• What you need to do: Only the lines below from the one with "大雪 中国 古风 隶书" through the one with "Weitläufiges Blumenfeld unter" are to be written out, exactly and without any images.

• Data section:

┄┄┄┄┄┄┄┄┄┄

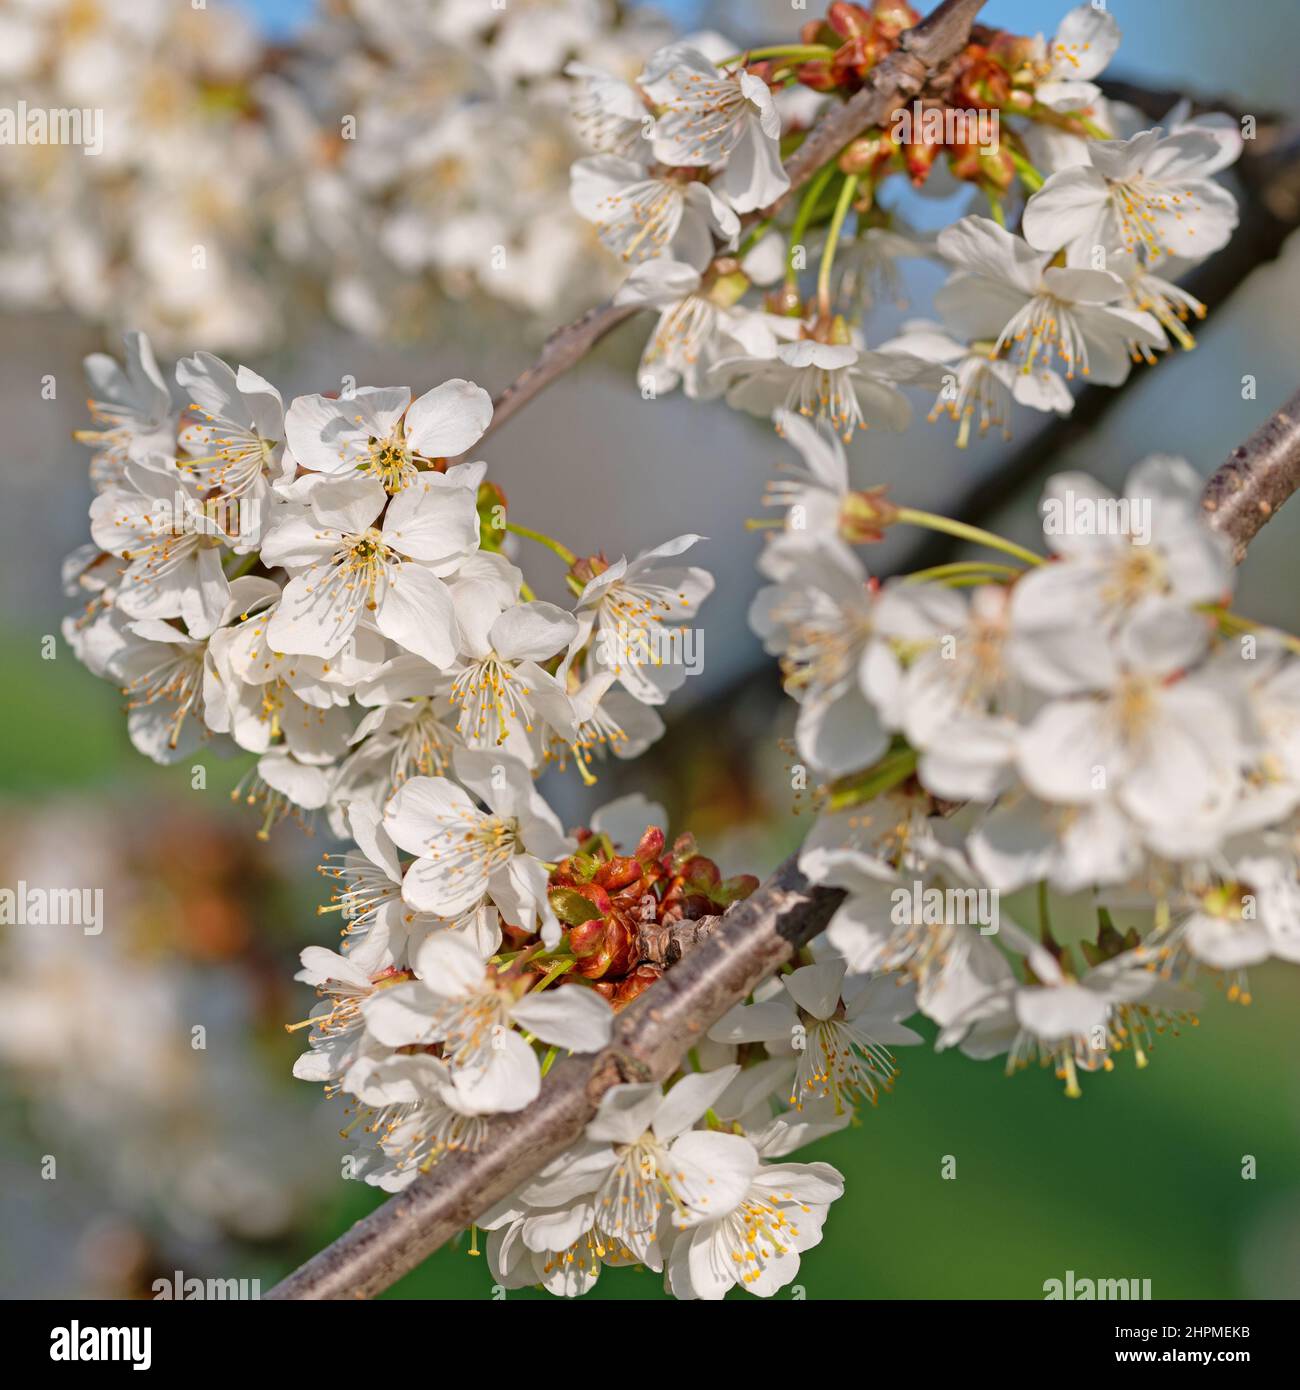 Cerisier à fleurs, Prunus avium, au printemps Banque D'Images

┄┄┄┄┄┄┄┄┄┄

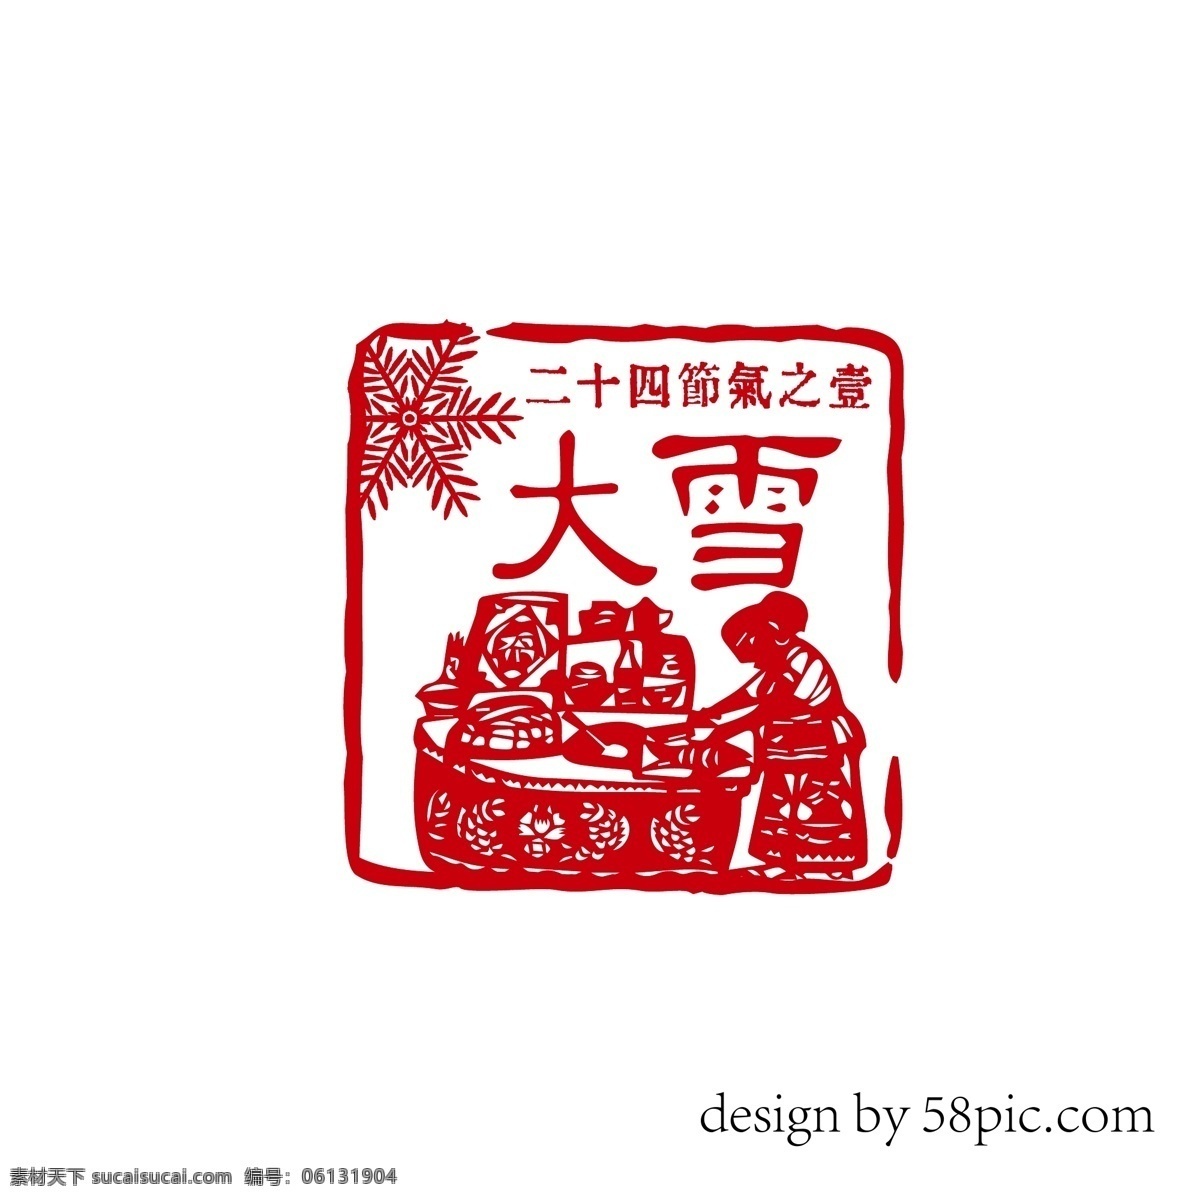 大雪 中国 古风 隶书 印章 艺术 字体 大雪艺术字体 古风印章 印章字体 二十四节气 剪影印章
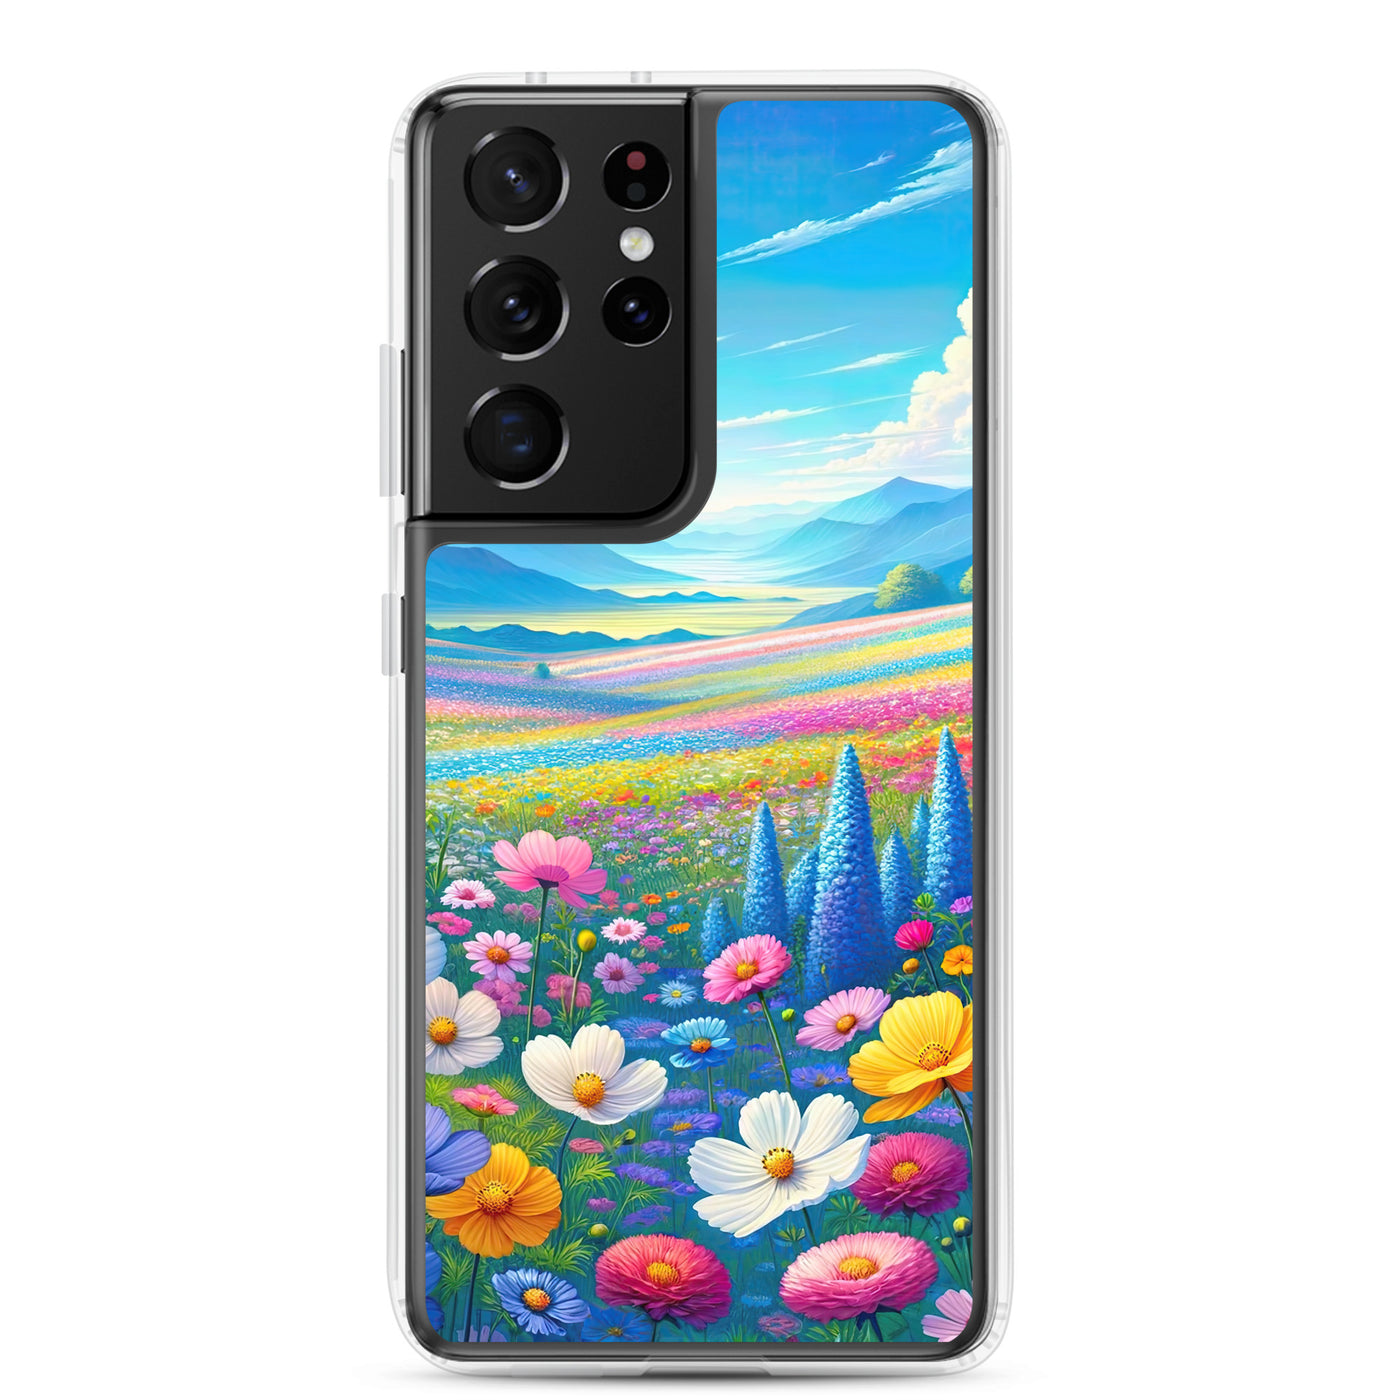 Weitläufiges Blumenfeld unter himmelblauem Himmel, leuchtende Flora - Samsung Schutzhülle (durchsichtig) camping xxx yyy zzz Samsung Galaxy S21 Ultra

┄┄┄┄┄┄┄┄┄┄

• Response to this exercise:
 大雪 中国 古风 隶书 印章 艺术 字体 大雪艺术字体 古风印章 印章字体 二十四节气 剪影印章
 Weitläufiges Blumenfeld unter himmelblauem Himmel, leuchtende Flora - Samsung Schutzhülle (durchsichtig) camping xxx yyy zzz Samsung Galaxy S21 Ultra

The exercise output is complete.